**Problem description:**
Using the line that contains "Simple letterbox LT150_1045037_1" as the first line and the last line of the data as the final one, give every line in that range again exactly.

(Records supplied)

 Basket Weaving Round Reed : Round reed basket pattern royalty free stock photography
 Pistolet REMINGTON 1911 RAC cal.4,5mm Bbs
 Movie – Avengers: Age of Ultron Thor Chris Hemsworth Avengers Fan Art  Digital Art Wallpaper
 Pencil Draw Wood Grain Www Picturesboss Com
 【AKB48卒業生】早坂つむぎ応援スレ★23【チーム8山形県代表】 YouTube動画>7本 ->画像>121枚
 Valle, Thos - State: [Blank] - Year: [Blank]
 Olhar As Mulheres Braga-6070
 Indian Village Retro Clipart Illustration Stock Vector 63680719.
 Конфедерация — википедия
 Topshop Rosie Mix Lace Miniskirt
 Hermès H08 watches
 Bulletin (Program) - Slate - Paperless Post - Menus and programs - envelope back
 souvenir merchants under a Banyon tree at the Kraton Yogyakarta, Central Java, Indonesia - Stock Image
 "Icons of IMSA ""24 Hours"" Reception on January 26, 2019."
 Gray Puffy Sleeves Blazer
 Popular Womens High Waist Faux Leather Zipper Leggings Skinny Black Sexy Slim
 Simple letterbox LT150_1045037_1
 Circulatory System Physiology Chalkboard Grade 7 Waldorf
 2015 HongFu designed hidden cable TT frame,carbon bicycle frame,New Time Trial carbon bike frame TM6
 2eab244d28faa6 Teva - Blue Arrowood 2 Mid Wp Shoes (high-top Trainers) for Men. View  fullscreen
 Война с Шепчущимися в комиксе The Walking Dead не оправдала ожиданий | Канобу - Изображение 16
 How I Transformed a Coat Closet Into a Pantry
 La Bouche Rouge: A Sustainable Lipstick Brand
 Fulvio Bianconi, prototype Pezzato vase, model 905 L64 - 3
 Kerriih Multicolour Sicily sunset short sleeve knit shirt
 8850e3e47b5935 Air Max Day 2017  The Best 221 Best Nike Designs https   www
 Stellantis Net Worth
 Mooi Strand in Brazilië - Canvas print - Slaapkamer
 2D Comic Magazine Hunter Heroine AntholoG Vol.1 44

(End Records supplied)

**Response to this task:**
 Simple letterbox LT150_1045037_1
 Circulatory System Physiology Chalkboard Grade 7 Waldorf
 2015 HongFu designed hidden cable TT frame,carbon bicycle frame,New Time Trial carbon bike frame TM6
 2eab244d28faa6 Teva - Blue Arrowood 2 Mid Wp Shoes (high-top Trainers) for Men. View  fullscreen
 Война с Шепчущимися в комиксе The Walking Dead не оправдала ожиданий | Канобу - Изображение 16
 How I Transformed a Coat Closet Into a Pantry
 La Bouche Rouge: A Sustainable Lipstick Brand
 Fulvio Bianconi, prototype Pezzato vase, model 905 L64 - 3
 Kerriih Multicolour Sicily sunset short sleeve knit shirt
 8850e3e47b5935 Air Max Day 2017  The Best 221 Best Nike Designs https   www
 Stellantis Net Worth
 Mooi Strand in Brazilië - Canvas print - Slaapkamer
 2D Comic Magazine Hunter Heroine AntholoG Vol.1 44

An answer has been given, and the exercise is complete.